Tool Holders vs Shelves vs Tool Boxes
Milwaukee Tool Holders
Best when you want drills and drivers visible, upright and ready to grab. They save bench space and speed up daily use, but they are mainly for the tools you use all the time rather than loose accessories.
Shelves
Better for chargers, batteries, radios and awkward kit that does not hang neatly. Handy in a workshop, but tools can still slide about or get buried if the shelf turns into a dumping ground.
Tool Boxes and Organisers
The right call for transport, protection and keeping full kits together. They are stronger for moving gear between jobs, but slower than a wall holder when you just need to grab a drill and get on with it.
Maintenance and Care
Keep the Mounting Area Clean
Dust and debris around the mounting points can stop holders seating properly. Give the rails or plates a quick wipe now and then so everything locks in as it should.
Check Fixings Regularly
If the wall takes daily use, inspect the fixings every so often. Repeated loading and unloading can loosen poor installs, especially on ply boards or van fit-outs.
Do Not Overload Them
Store the type of tool the holder was designed for and avoid hanging extra gear off it. Overloading shortens the life of the holder and can stress the wall mount behind it.

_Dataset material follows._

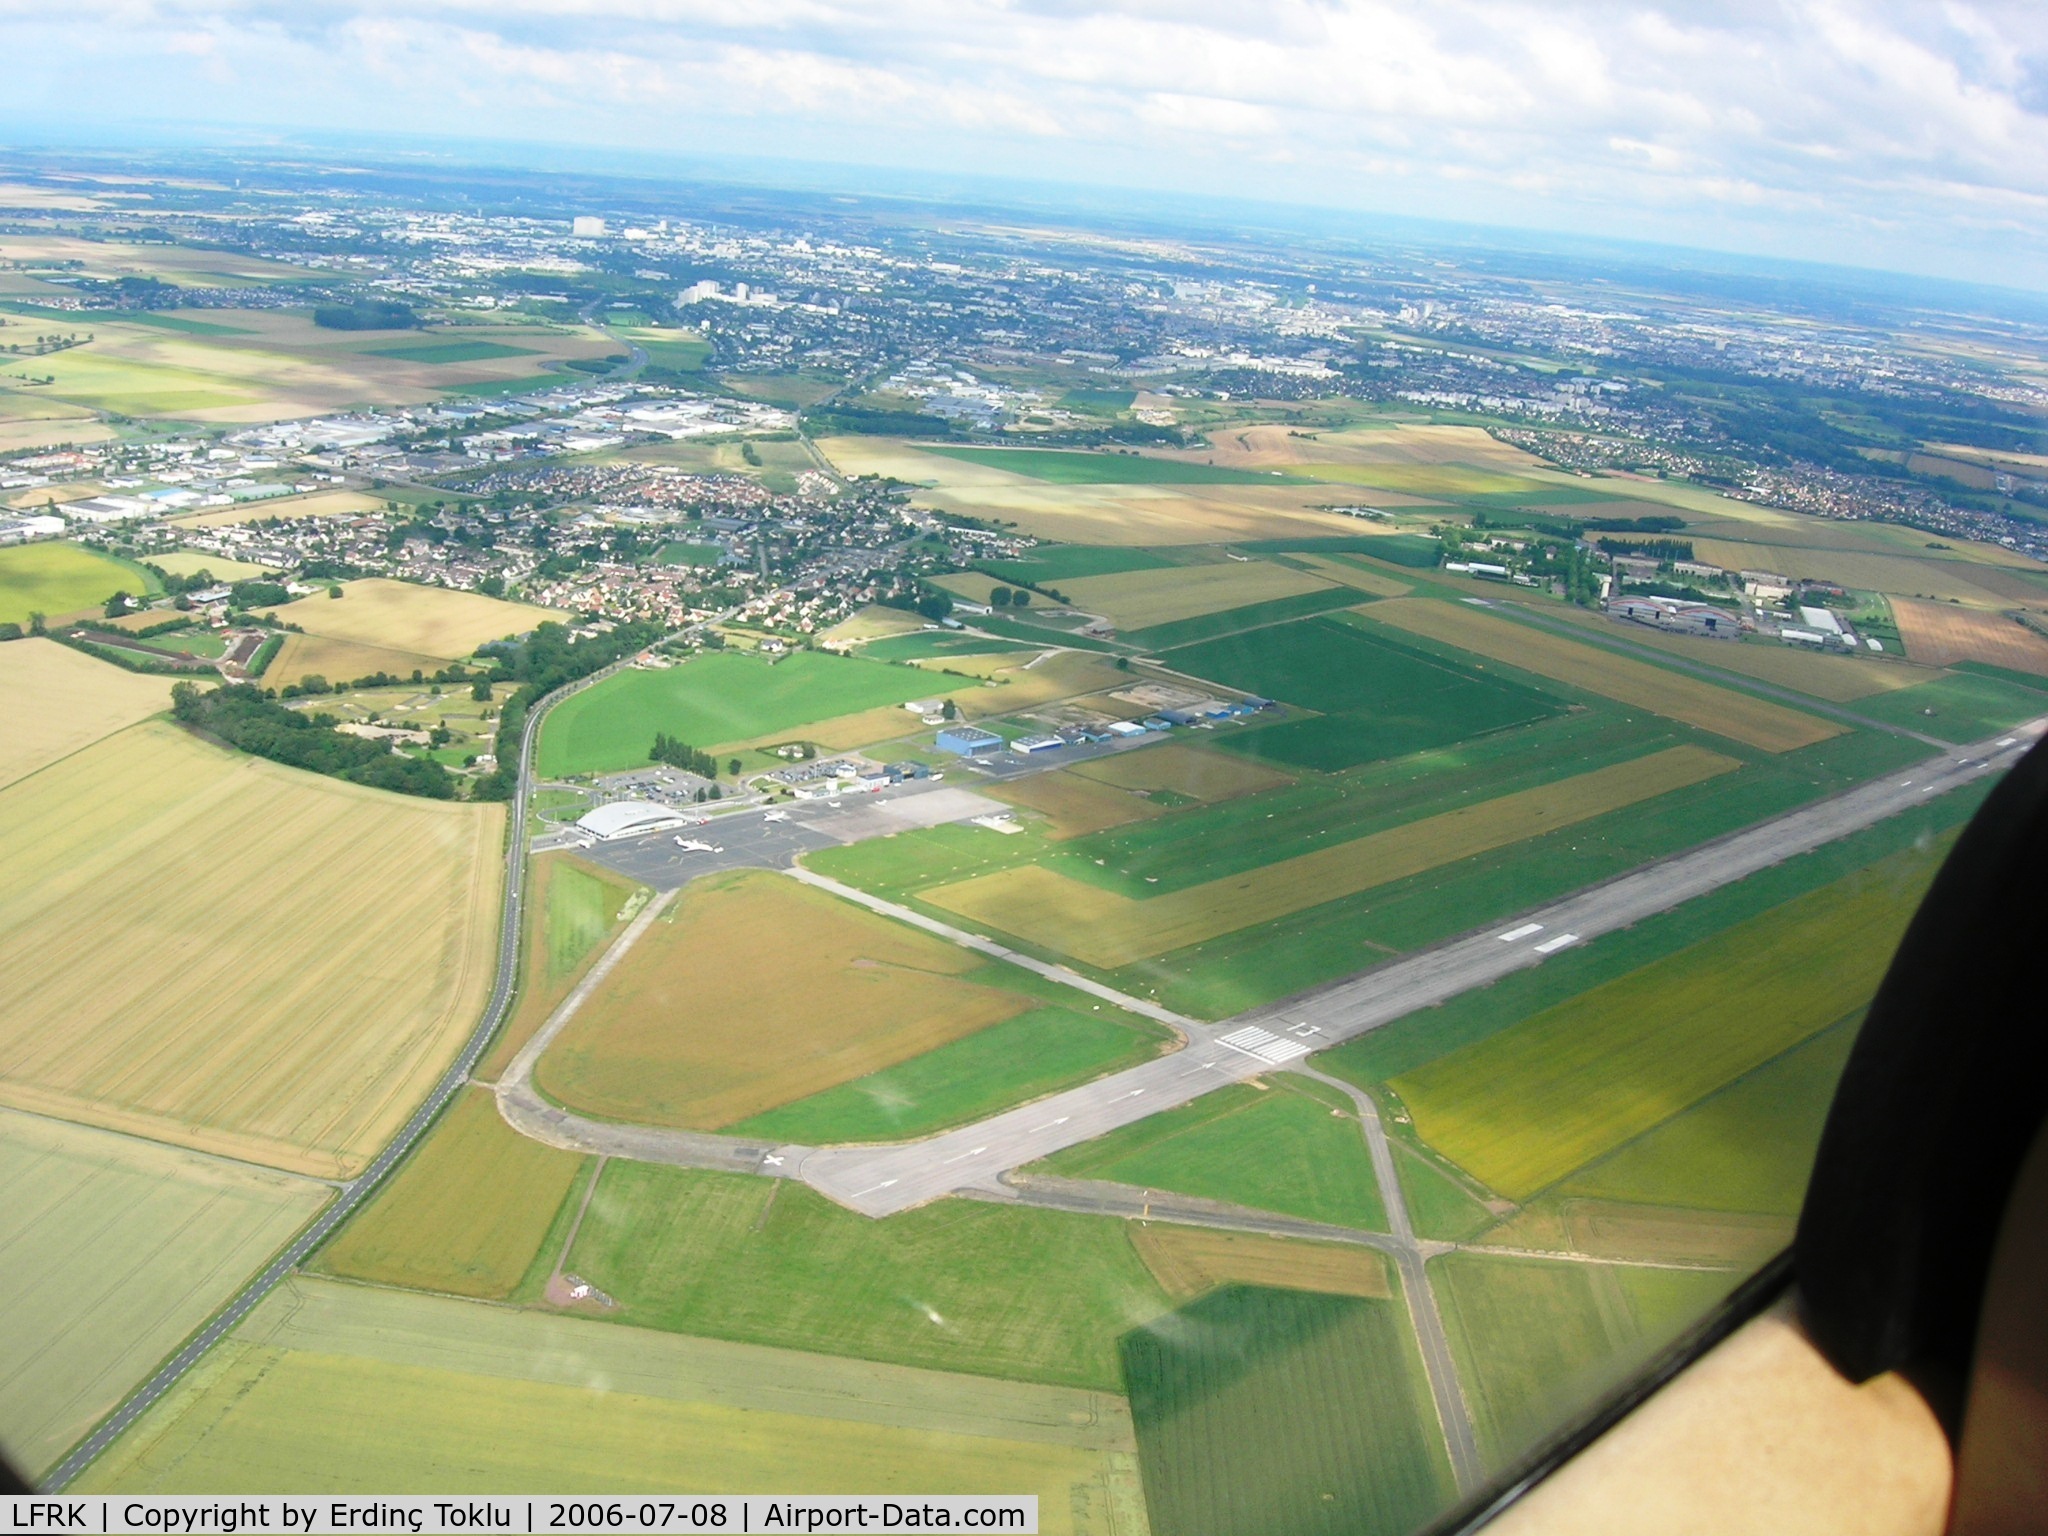 Caen Carpiquet Airport, Caen France (LFRK) - Caen.

Replace Damaged Parts Early
If a holder is cracked or no longer locks in cleanly, swap it out before it drops a tool. It is cheaper than replacing a drill that hits the floor from bench height.
Why Shop for Milwaukee Tool Holders at ITS?

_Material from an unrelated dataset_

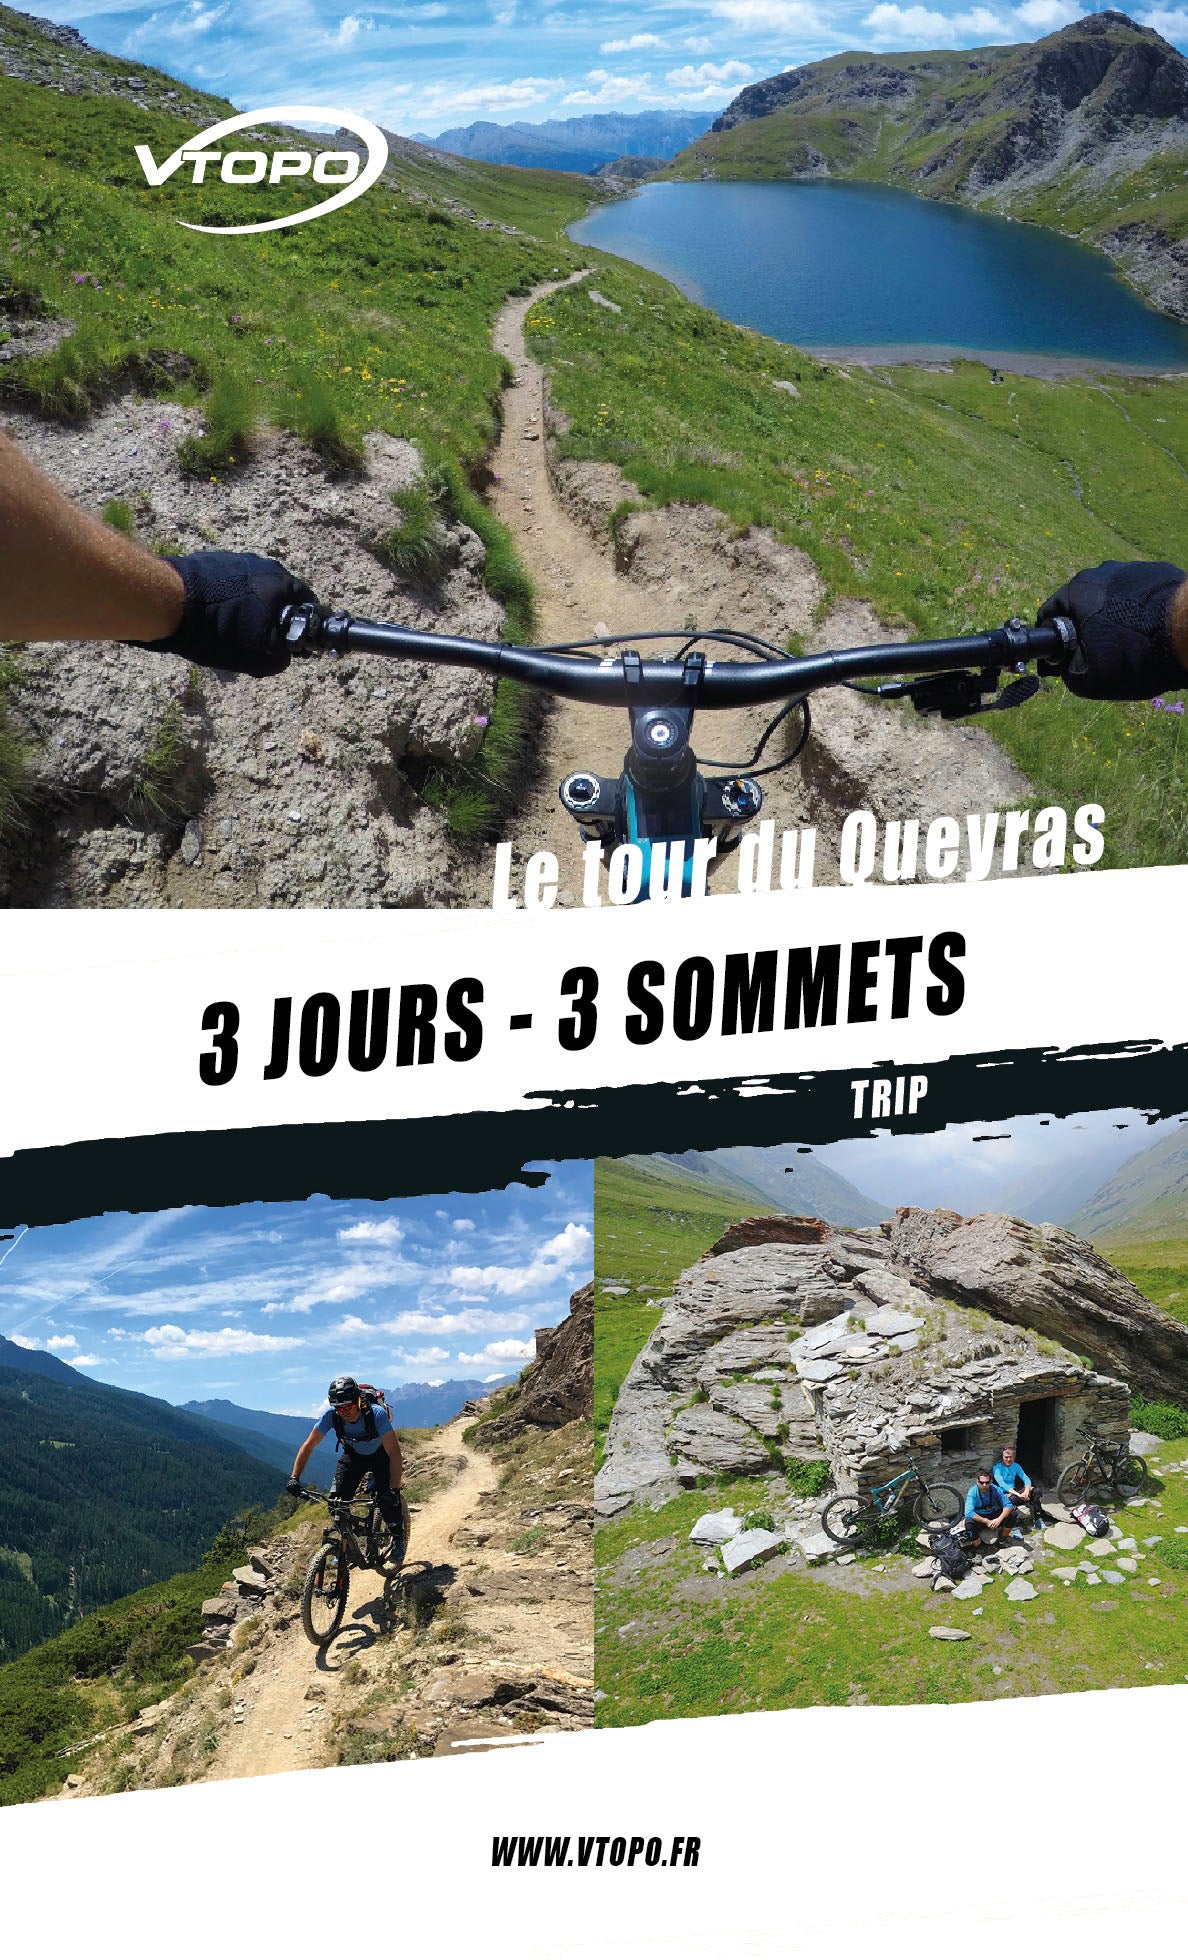 VTOPO VTT Trip Tour du Queyras - Digital book

If you are building out a PACKOUT wall properly, you want the full choice in one place. We stock Milwaukee tool holders alongside the wider workshop storage range, from single holders to full modular add-ons, all in our own warehouse and ready for next day delivery. That means less waiting about and less chance of ending up with half a setup.

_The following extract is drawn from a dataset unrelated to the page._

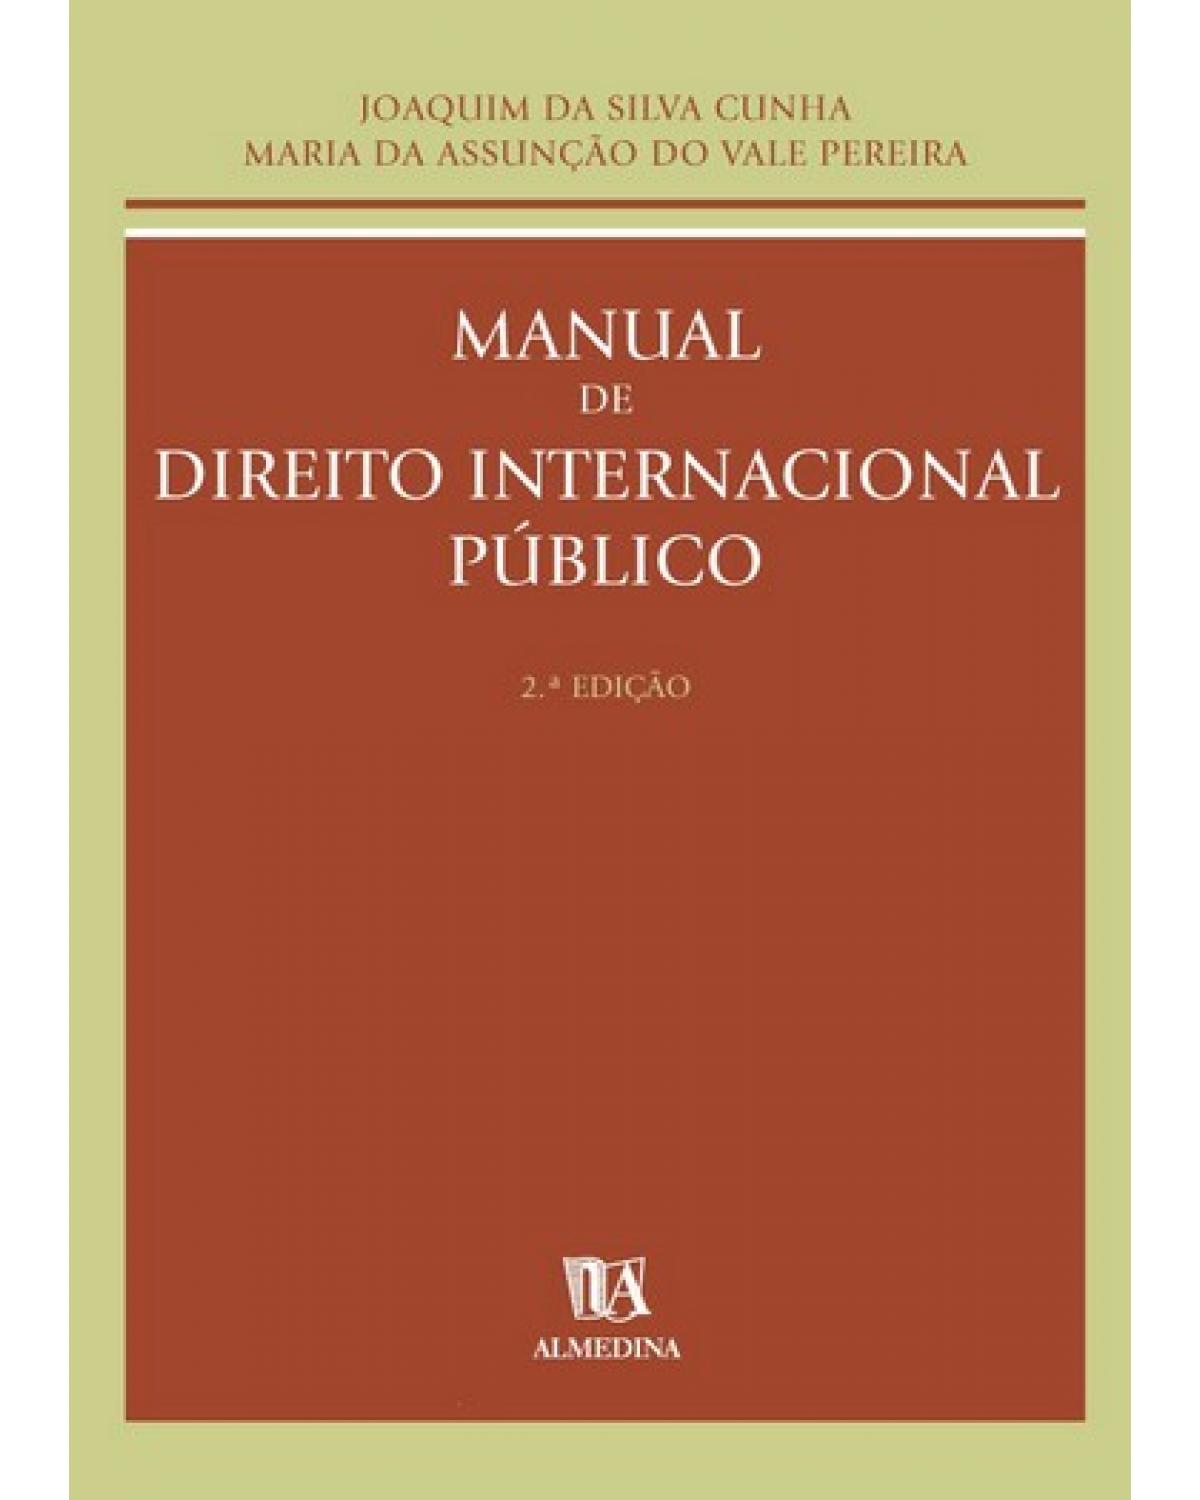 Manual de direito internacional público - 2ª Edição | 2004

Milwaukee Tool Holder FAQs
How much weight can a Milwaukee Packout tool holder support?
That depends on the specific holder and what it is mounted to, but the real limit is often the wall setup, not just the holder itself. Fixed properly into a PACKOUT workshop rail or plate on a solid surface, they are built for storing cordless tools sensibly. Do not treat them like a general hook for anything heavy and awkward.
Can Milwaukee Packout tool holders fit any drill?
No. They are designed around certain tool shapes and sizes, so always check the fit before you buy. Most are spot on for common cordless drills and impacts, but larger bodies, unusual bases or oversized batteries can affect how well a tool sits.
Are Milwaukee Packout tool holders modular?
Yes. That is the whole point of them. They clip into the PACKOUT workshop system, so you can move them around as your wall layout changes. If you add more tools later, you are not stuck with one fixed arrangement.
How do you mount Milwaukee Packout tool holders on a wall?
You mount the PACKOUT wall plate or rail system to a sound surface first, then lock the holder into that. The important bit is fixing the base properly into suitable material. On brick, block, timber or a solid workshop board, done right, they stay put. On weak board with poor fixings, they will not.
Are these any good in a van, or are they just for a workshop wall?
They can work well in a van fit-out if the mounting surface is solid and the layout is planned properly. The main thing is leaving enough room to get tools in and out without bashing them into neighbouring gear when you are parked up on a tight job.
Will a Milwaukee drill holder store tools with the battery attached?
Often yes, but not every setup is the same. It depends on the drill body, battery size and spacing around the holder. If you always keep larger packs fitted, it is worth checking clearance rather than assuming it will sit neatly.